Looks like I might be the only person in the world who didn’t watch the entire segment of Mary Winkler talking to Oprah this week, though I did see a few minutes of the broadcast. Mary seemed pretty similar to what we’ve seen of her before — faraway, timid — though I was quite surprised to hear her say that “seven years into the marriage” she talked to Matthew about divorce, although nothing ever came of it. The real buzz this week, though, is what Meredith asked Steve Farese on The Today Show yesterday — should she get her kids back?
When I wrote about abuse that ends in murder while the trial was going on, Debbie Knapp, the Memphis woman who was given a reprieve for her life sentence after murdering her abusive husband, told me much more than I could have imagined about what living in an abusive marriage was like. Many of you chimed in, sometimes anonymously. Debbie’s last words to me still ring in my ears: “She should get those girls back,” she told me.
So, what do you think?
Update, Sept. 18: A new bit of scoop, courtesy of the Jackson Sun. Does this change anyone’s mind?
Responses to “Should Mary Winkler get her kids back?”
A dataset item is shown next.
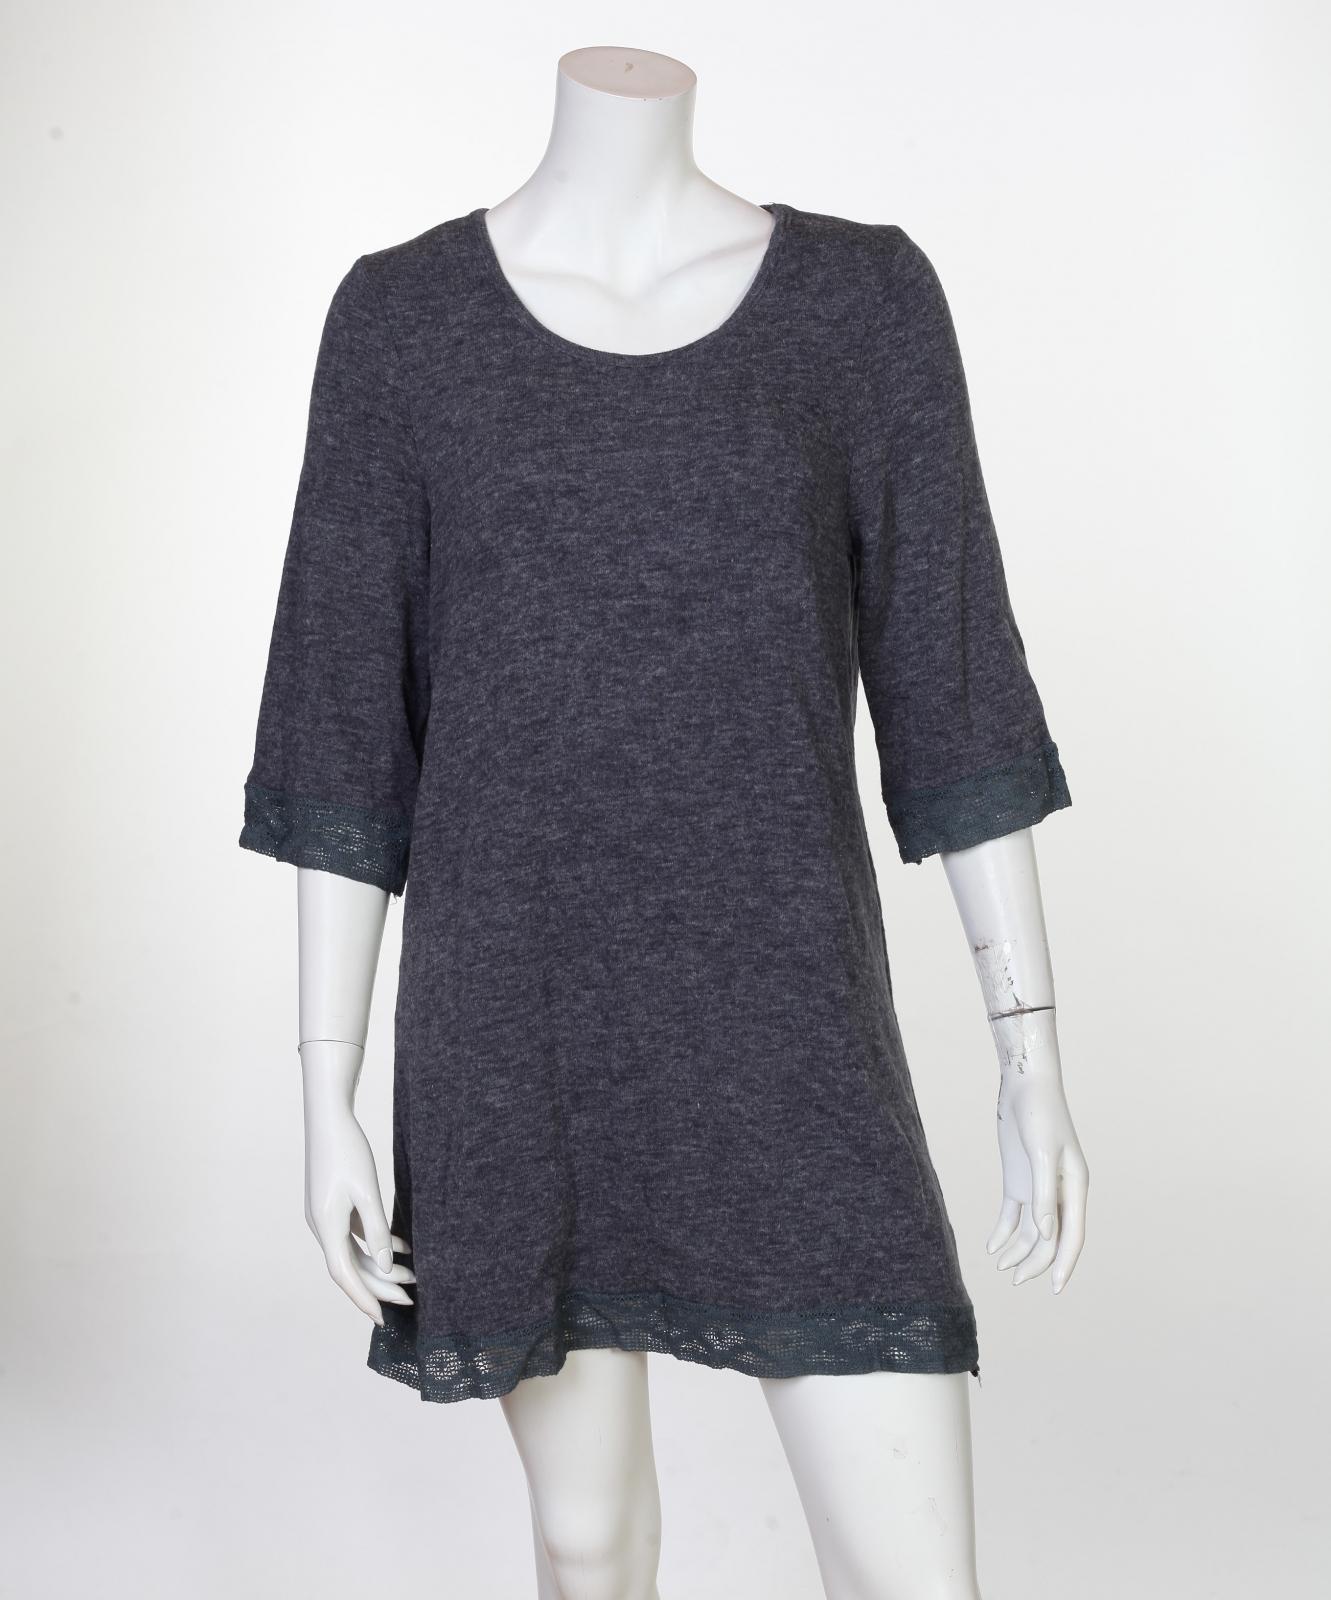 Минималистично стилизованное серое платьице
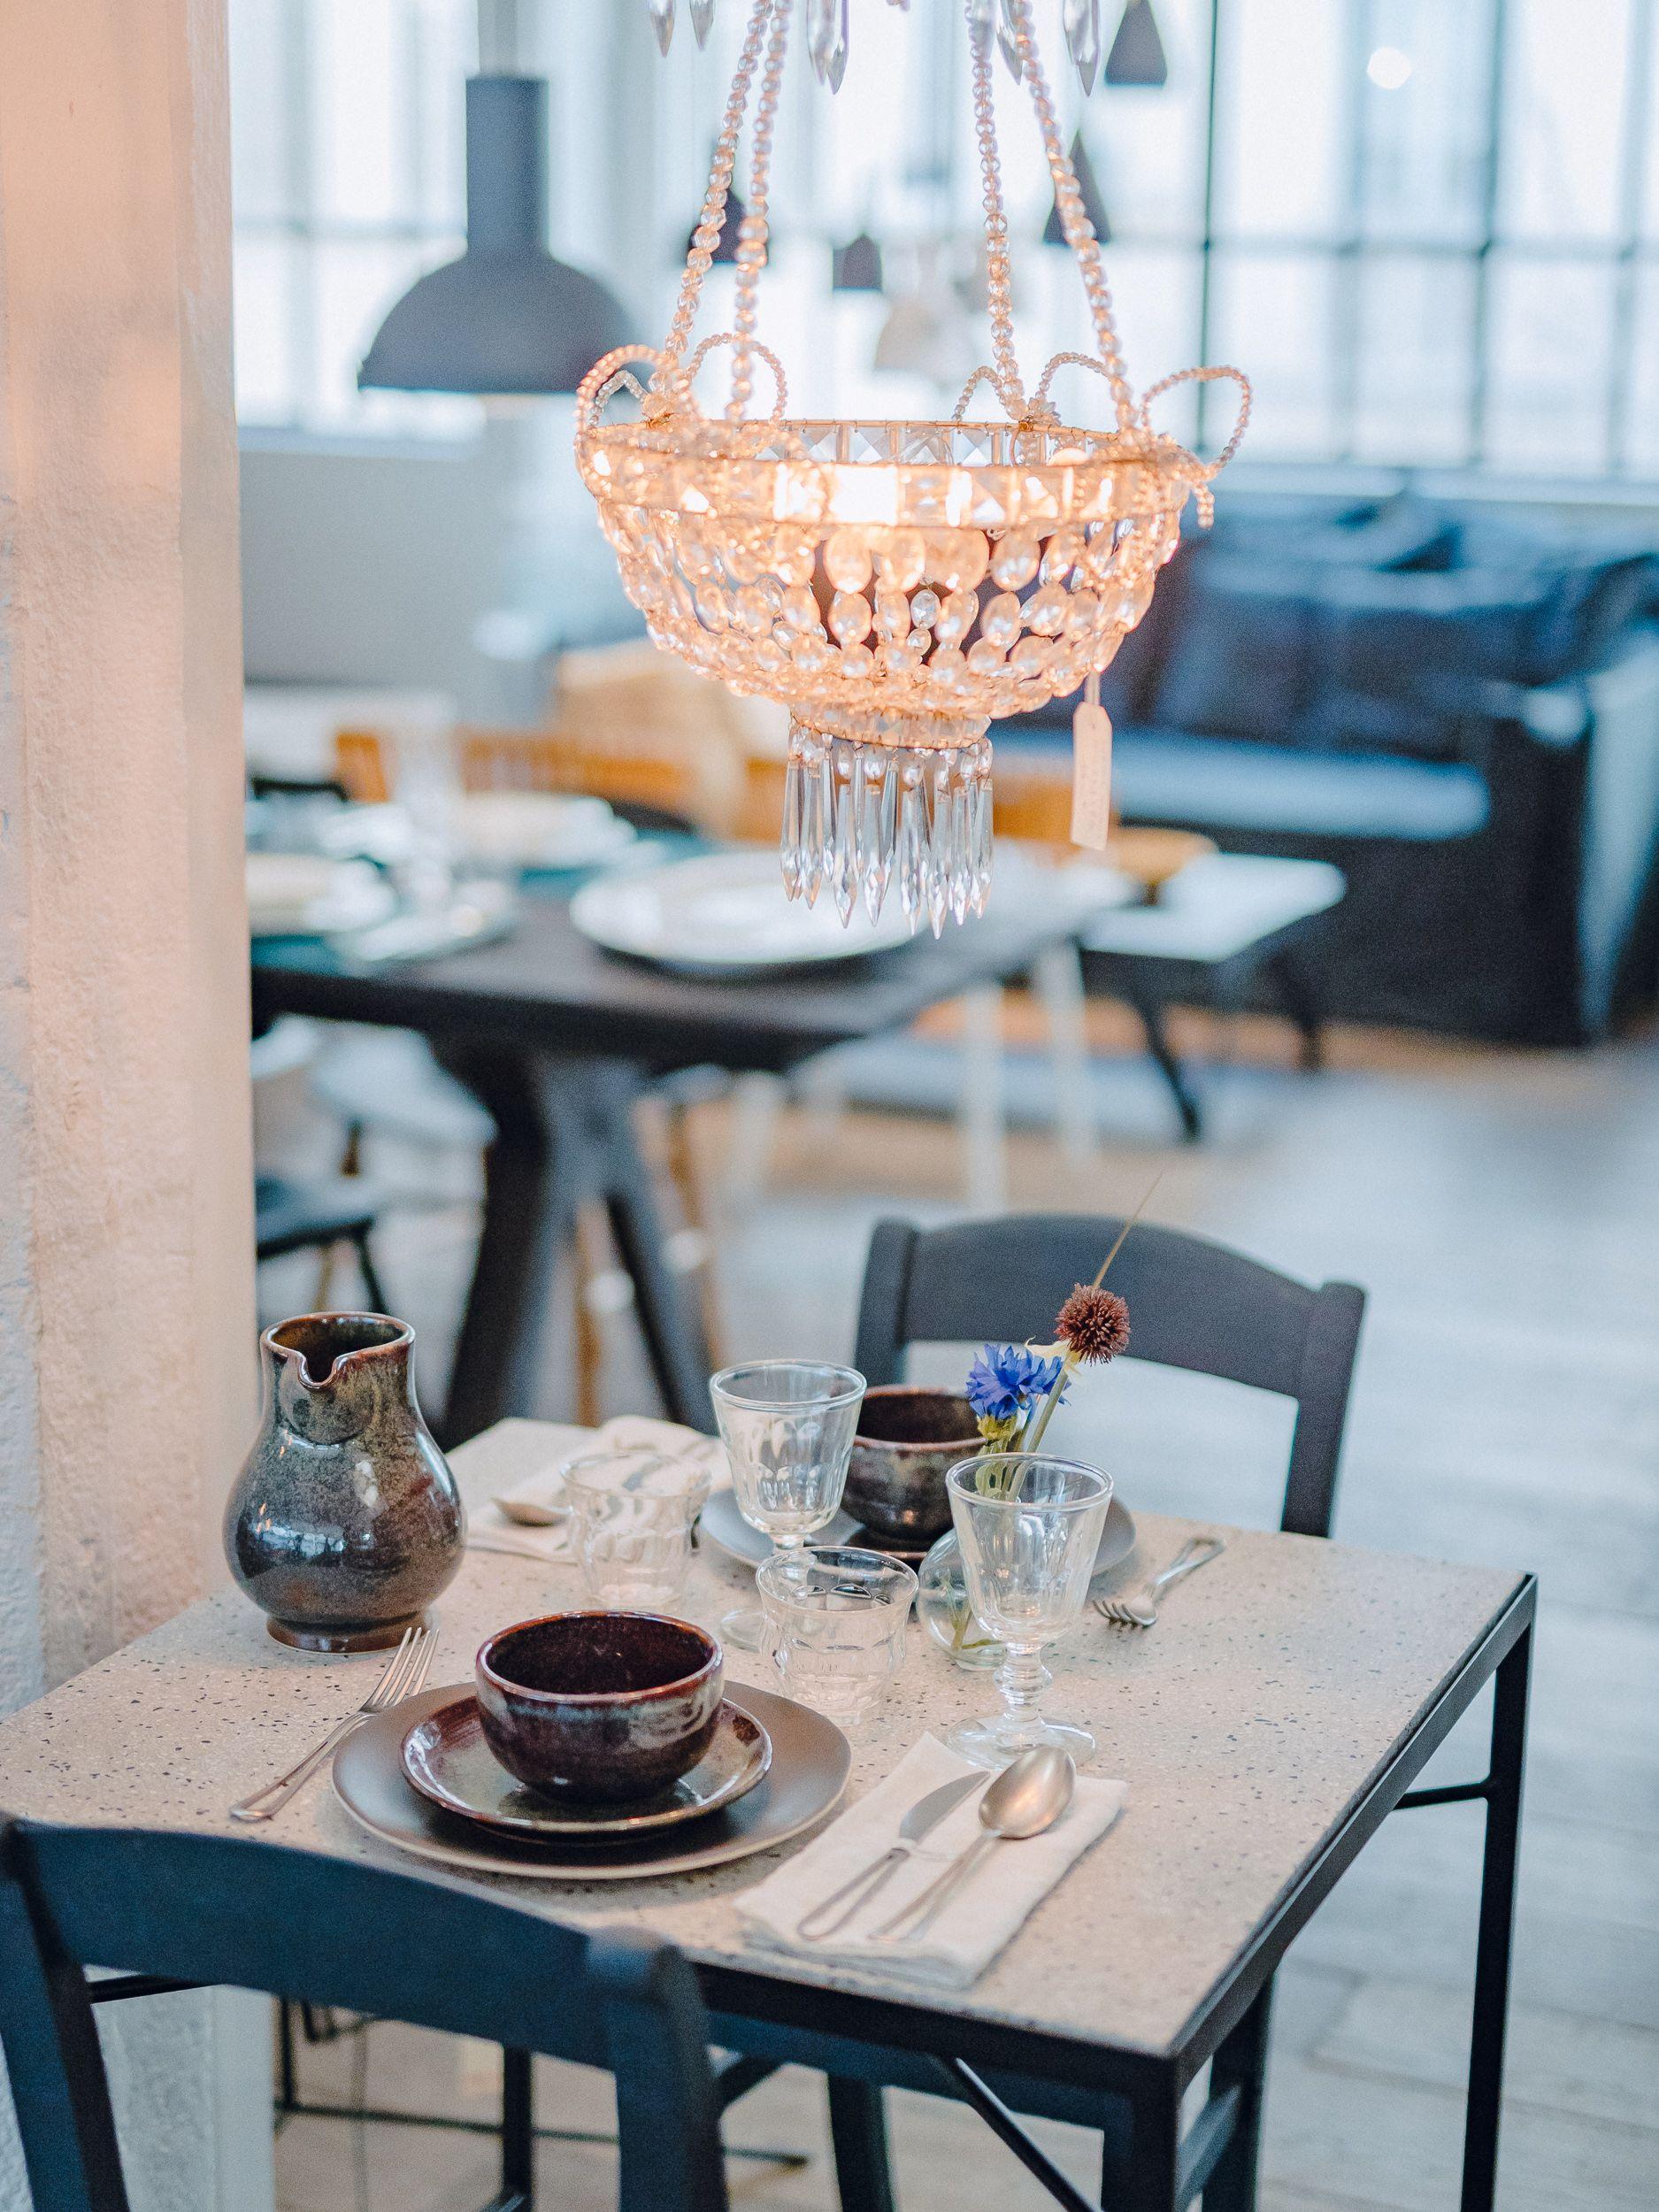 Merci S 1st Floor A Mix And Match Of Contemporary And Vintage Furniture Vaisselle Melange De Couleur Merci Paris

September 17th, 2007 at 7:35 am
She is unstable enough to shoot someone unintentionally. That ability to lose control makes her not mentally fit to have the children unsupervised. Her lack of awareness of her inability to not lose control makes unfit to be with them unattended. She should get custody of the children, with a full time supervisor for a few months which she should be requesting. Someone to watch her interacting with the children all day and night to assess her stability and monitor their development. If mistrust impedes effective attachment behavior, they would be better off elsewhere. I think that is probably all ready happening and she can’t comprehend that. I think not trying to reunite them will be worse because they would not get a realistic understanding of each other which would result in emotional dysregulation. They should face it now and find out if the children can trust her while being supervised to make sure she can be trusted. The problems she had with facing reality before are going to prevent her from understanding their feelings and ultimately it will fail. But I think not putting them back together at all would result in complex post-traumatic stress disorder which would be worse.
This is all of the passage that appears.